O surgimento das federações de Umbanda pelo país vem atender a duas demandas específicas. A primeira delas diz respeito a legalidade da religião: a força da instituição juridicamente alicerçada iria conferir armas no combate às medidas discriminatórias e repressivas que, muitas vezes, eram implementadas pelo próprio Estado. A segunda era tentar trabalhar no rumo oposto ao da segmentação e da dispersão da religião, ou seja, era num longo prazo, tornar a Umbanda como a religião legitimamente brasileira. (BIRMAN, 1985)
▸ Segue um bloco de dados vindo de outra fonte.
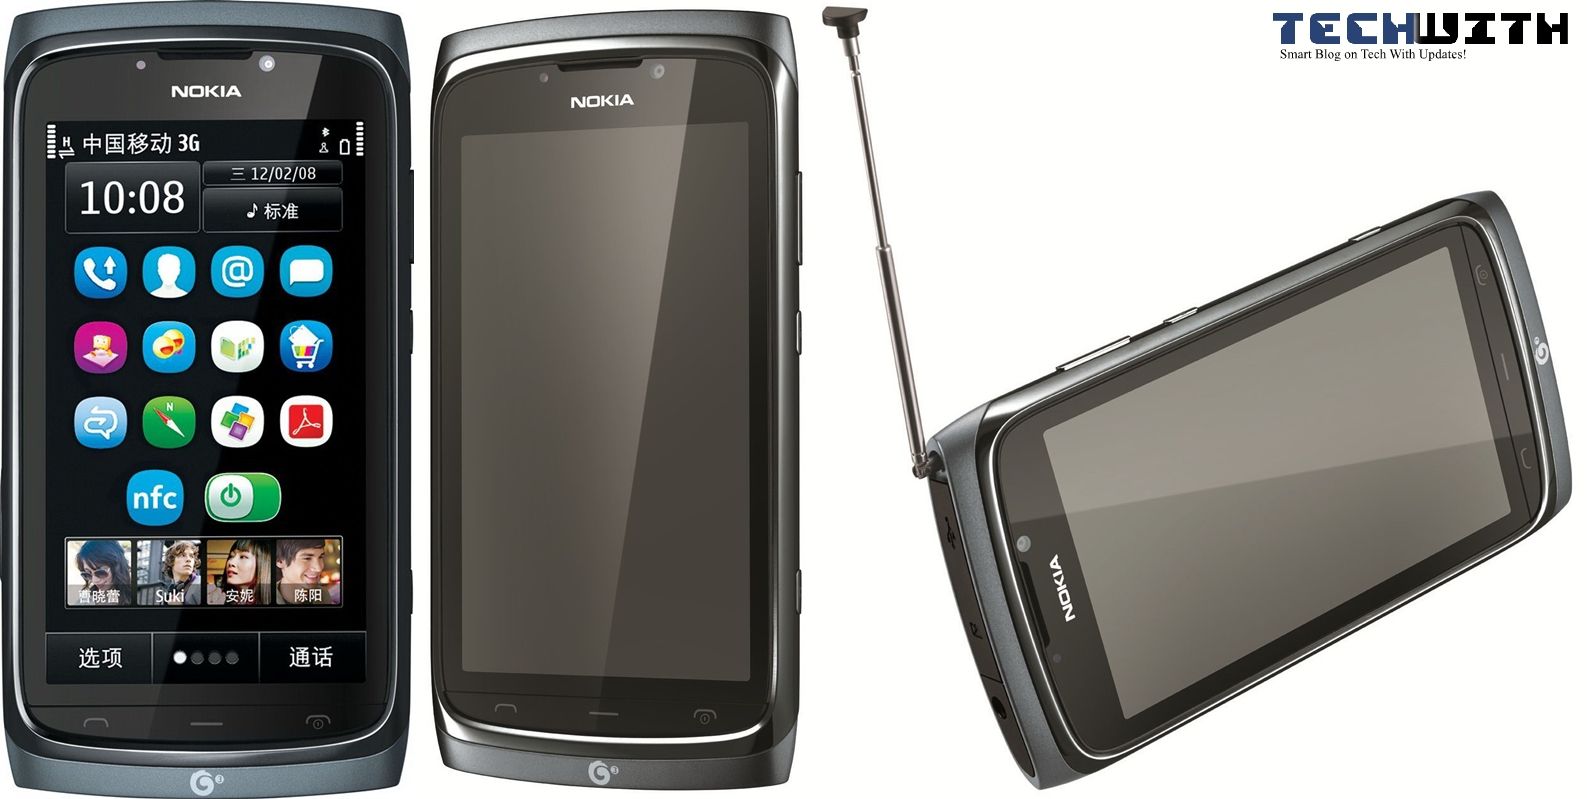 Những di động Nokia Symbian không được bán tại thị trường Việt.

Para tanto, o cuidado para que sua difusão pelo território nacional seguisse certa homogeneidade era primordial. Uma das medidas para assegurar tal homogeneidade era

elaborar um modelo ritual, composto de normas que passavam a ser seguidas pelos filiados a essas instituições, em troca da proteção judicial no que diz respeito à liberdade de prática religiosa. Práticas como a Macumba, o Terecô e o Camtibó, que remetiam a um passado “étnico” (como uma identificação com os povos africanos ou indígenas, a exemplo) eram rejeitadas ou, por vezes, fagocitadas e incorporadas pelo panteão umbandista. No Ceará, esse movimento se inicia com a fundação da UECUM (União Espírita Cearense de Umbanda), em 1954. Foi esta a primeira instituição da classe a emitir alvará de funcionamento para os terreiros.

Elementos que remetiam à Macumba (a exemplo da bebida, como bem destaca D. Maria) eram condenáveis. Cabia à instituição eliminá-las ou corrigi-las. O nome “Centro Espírita de Umbanda” era preferido outras denominações comuns - a saber: tenda, cabana, terreiro etc. Nas palavras do professor Ismael Pordeus: “o que nos leva a pensar naquilo que concerne às tentativas de legitimarão e codificação da religião umbandista - a Macumba utiliza o nome Umbanda para se legitimar, do mesmo modo que a Umbanda utiliza a designação espírita com objetivos similares, em relação ao Espiritismo Kardecista” (PORDEUS JR., 2003, p. 13).

“E assim seguimos durante muito tempo: eu sempre como a pessoa de confiança da madrinha. Quando ela viajou pra Salvador, eu que fiquei tomando conta das coisas aqui. A ordem que ela saiu dando era a ordem que era cumprida. Ela telefona, falava comigo, dizia como queria que as coisas fossem feitas e eu fazia. Eu que abria os trabalhos, fechava, acendia os pontos, cuidava dos assentamentos... E assim se passaram os meses em que ela esteve fora. Quando voltou, entreguei a ela o terreiro da mesma forma que estava quando ela saiu”.